The national average of car insurance is \( \$ 1,427 \) per year and standard deviation is \( \$ 354 \). Alex paid \( \$ 1,781 \) a year for his car insurance. What percentage of people paid more than Alex did on their car insurance? (Just put a number between 0 and 100 without \( \% \) unit)

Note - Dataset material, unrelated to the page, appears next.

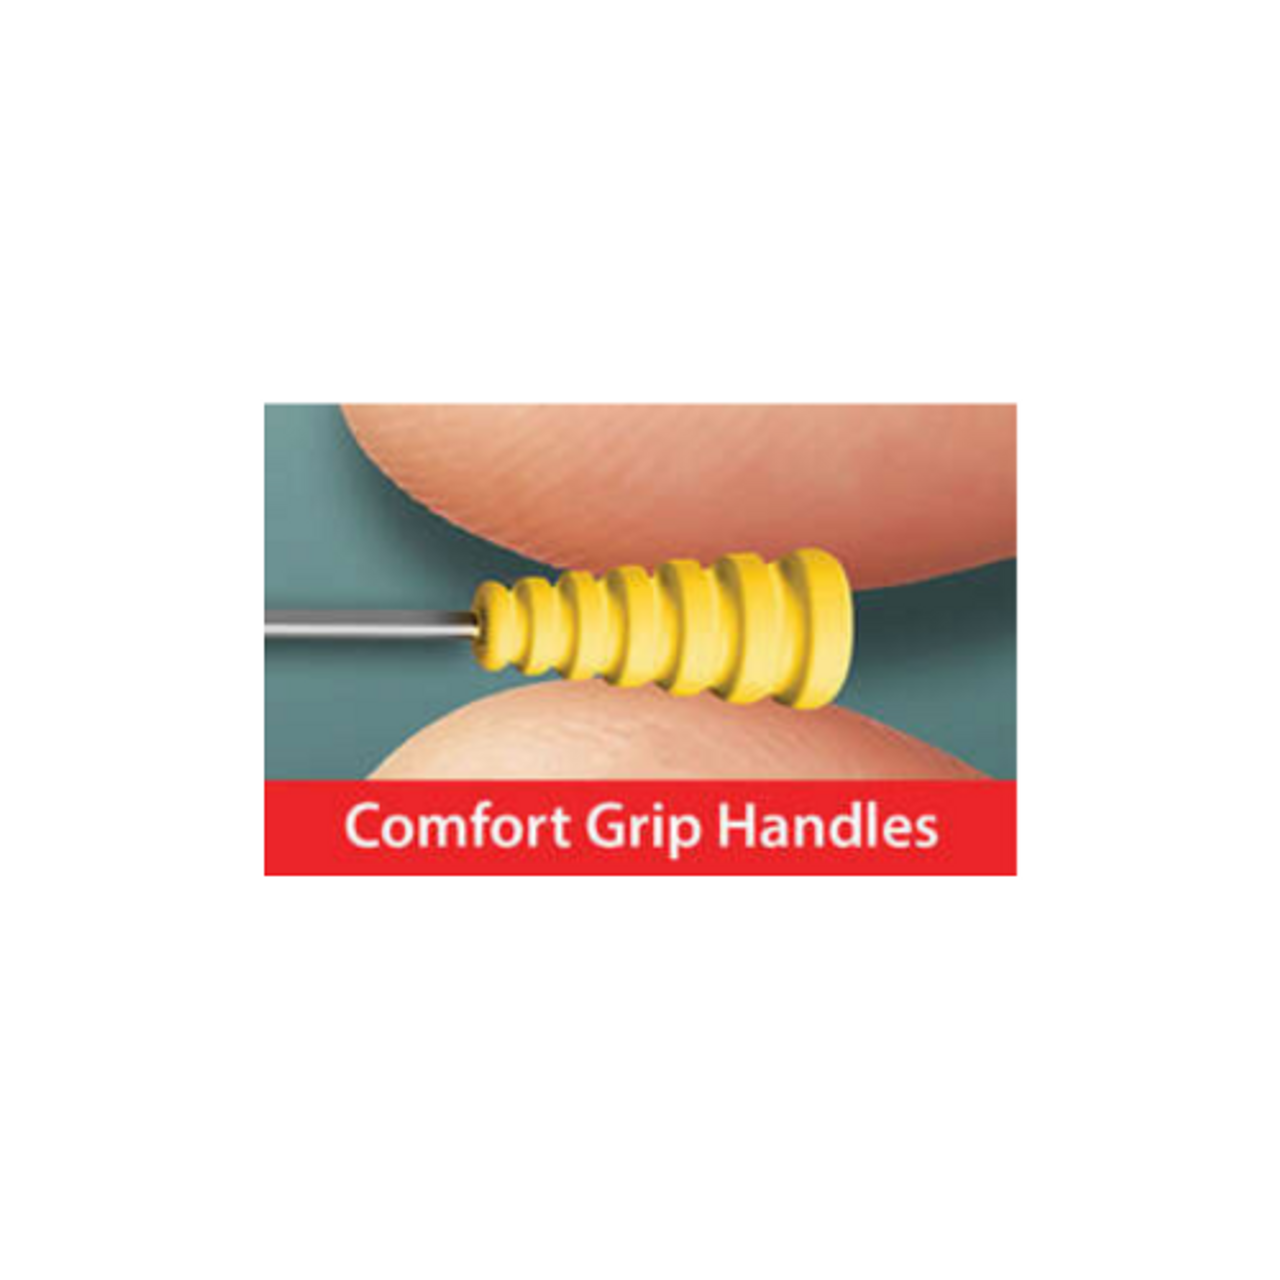 Taylor Seville Extra Fine Applique Magic Pins comfort grip handle

To find the percentage of people who paid more than Alex for car insurance, we can use the properties of the normal distribution. We will first calculate the z-score for Alex's car insurance payment. The z-score is calculated using the formula: \[ z = \frac{(X - \mu)}{\sigma} \] where: - \( X \) is the value we are interested in (Alex's payment), - \( \mu \) is the mean (national average), - \( \sigma \) is the standard deviation. Given: - \( X = 1781 \) - \( \mu = 1427 \) - \( \sigma = 354 \) Substituting the values into the formula: \[ z = \frac{(1781 - 1427)}{354} = \frac{354}{354} = 1 \] Now, we need to find the percentage of people who paid more than Alex. This corresponds to finding the area to the right of the z-score of 1 in the standard normal distribution. Using a standard normal distribution table or calculator, we find the area to the left of \( z = 1 \): \[ P(Z < 1) \approx 0.8413 \] This means that approximately 84.13% of people paid less than Alex. To find the percentage of people who paid more than Alex, we subtract this value from 1: \[ P(Z > 1) = 1 - P(Z < 1) \approx 1 - 0.8413 = 0.1587 \] To convert this to a percentage, we multiply by 100: \[ 0.1587 \times 100 \approx 15.87 \] Thus, the percentage of people who paid more than Alex is approximately: \[ \boxed{15.87} \]